Surrounded by family and supporters, New York City Council speaker and mayoral hopeful Christine Quinn, center, laughs while speaking to the media as she announces her mayoral run in New York, Sunday, March 10, 2013. The New York City Council speaker has formally launched what she hopes will be a history-making mayoral bid this fall. |
NEW YORK (AP)
-- Long seen as a leading contender, City Council Speaker Christine
Quinn formally launched Sunday what she hopes will be a history-making
mayoral bid.
A veteran of city politics, Quinn
would be a groundbreaking mayor across two personal dimensions: She
would be the first female and first openly gay mayor to lead the
nation's largest city.
Announcing on Twitter
that she's in the race, Quinn said she wanted to give middle- and
working-class New Yorkers the same opportunities generations of her
family got when they came here.
"I'm running
for mayor because I love this city. It's the greatest place in the
world," she said in a video linked to her post, before starting what she
called a walk-and-talk tour intended to take her to every neighborhood
in the city before the Democratic primary in September.
Her
first stop was the upper Manhattan neighborhood of Inwood, where she
was surrounded by supporters carrying signs that read "Christine Quinn
for Mayor" and wearing baseball caps with her initials on them.
Before
the walk, Quinn told reporters, "I'm running today and I'll stack my
record against anybody else's in this field. ... I balance budgets on
time, and I had the wisdom in the first three years I was speaker, when
there were surpluses, to not spend that money."
Her attempts to meet the people led to a classic New York City moment.
She
shook hands with everyone - people on the street, workers in a diner
and even a bedraggled-looking man sitting on a sidewalk bench.
"Hi, I'm Christine Quinn and I'm running for mayor," she told the man, who looked up at her, seemingly puzzled.

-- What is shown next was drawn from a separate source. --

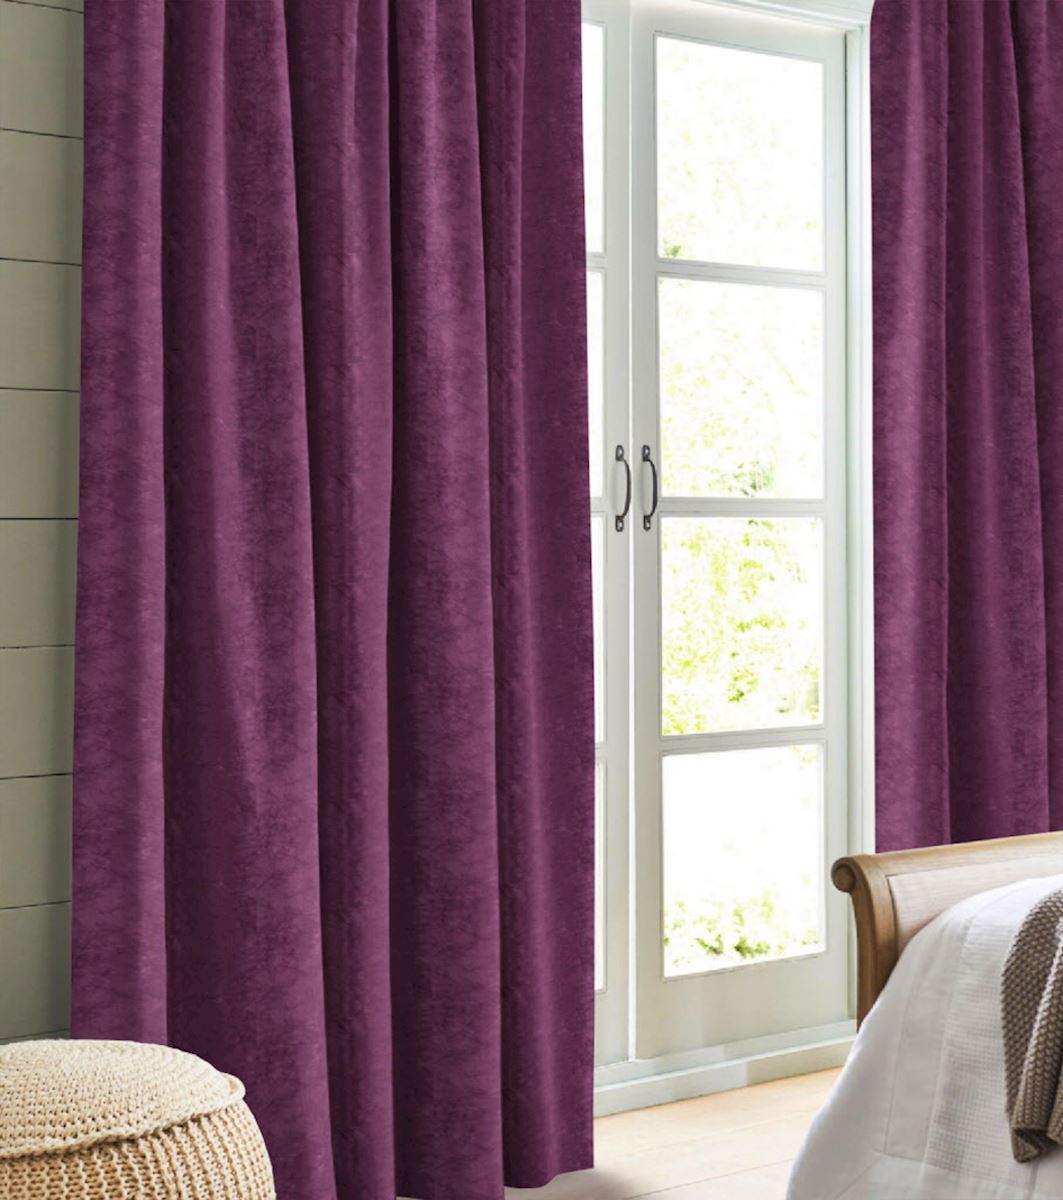 Night curtain dark purple Belle

"I need some change," he replied as she searched her pockets, saying, "I don't have any."
A
former tenant organizer and director of a gay and lesbian advocacy
group, Quinn, 46, has been on the City Council since 1999 and its leader
since 2006. The position has afforded her considerable exposure going
into the crowded field of candidates vying to succeed term-limited Mayor
Michael Bloomberg.
She's enjoyed a
considerable edge over other Democratic contenders in polls. A
Quinnipiac University poll late last month gave her 37 percent of the
Democratic vote, while her opponents each got less than 15 percent.
Registered Democrats outnumber Republicans more than 6 to 1 in the city,
though that hasn't translated into Democratic success in a mayor's race
since 1989.
Quinn has generally been
perceived as likely to get the backing of Republican-turned-independent
Bloomberg, and with it support from business leaders.
Some
of her Democratic opponents have tried to use that against her,
suggesting Quinn is too close to a mayor they say has sometimes turned a
cold shoulder to the concerns of middle-class and working-class New
Yorkers. Opponents have faulted her, for example, for joining Bloomberg
in opposing a plan to require businesses with at least five employees to
provide paid sick leave. Quinn has said it's a worthy goal, but now is
not the economic time to do it.
She also has
taken heat for helping Bloomberg get the council to agree to extend term
limits so he could run for a third time in 2008, without asking the
voters who had approved a two-term limit twice in the 1990s.
In
office, Quinn leads 50 other council members and largely controls what
proposals come to a vote. Under her leadership, the council has taken on
matters including requiring electronics manufacturers to collect their
products for recycling, making it tougher for immigration officials to
deport people being released from city jails or police custody and
barring employers from discriminating against unemployed job applicants -
the last of which Bloomberg vetoed. Quinn has vowed the council will
override his veto.
Quinn and her longtime
partner, products liability lawyer Kim Catullo, married last year after
more than a decade together. Their wedding guest list was a who's-who of
New York politics, with Gov. Andrew Cuomo, Bloomberg and many other
officeholders in attendance.
The year before,
Quinn had invoked her personal story in lobbying state lawmakers to
legalize gay marriage, a cause Cuomo championed. She called it "one of
the best feelings I have ever had in my life" when the measure passed in
June 2011.
Her announced and likely
Democratic opponents include former City Councilman Sal Albanese; Public
Advocate Bill de Blasio; Comptroller John Liu; and former Comptroller
Bill Thompson.
Republican contenders include
former Metropolitan Transportation Authority Chairman Joseph Lhota; Tom
Allon, a publisher; billionaire businessman John Catsimatidis; and
George McDonald, the head of a nonprofit that helps the homeless.
Former
Bronx borough president and federal housing official Adolfo Carrion, a
former Democrat who is now unaffiliated, is running on the Independence
Party line and seeking Republican backing.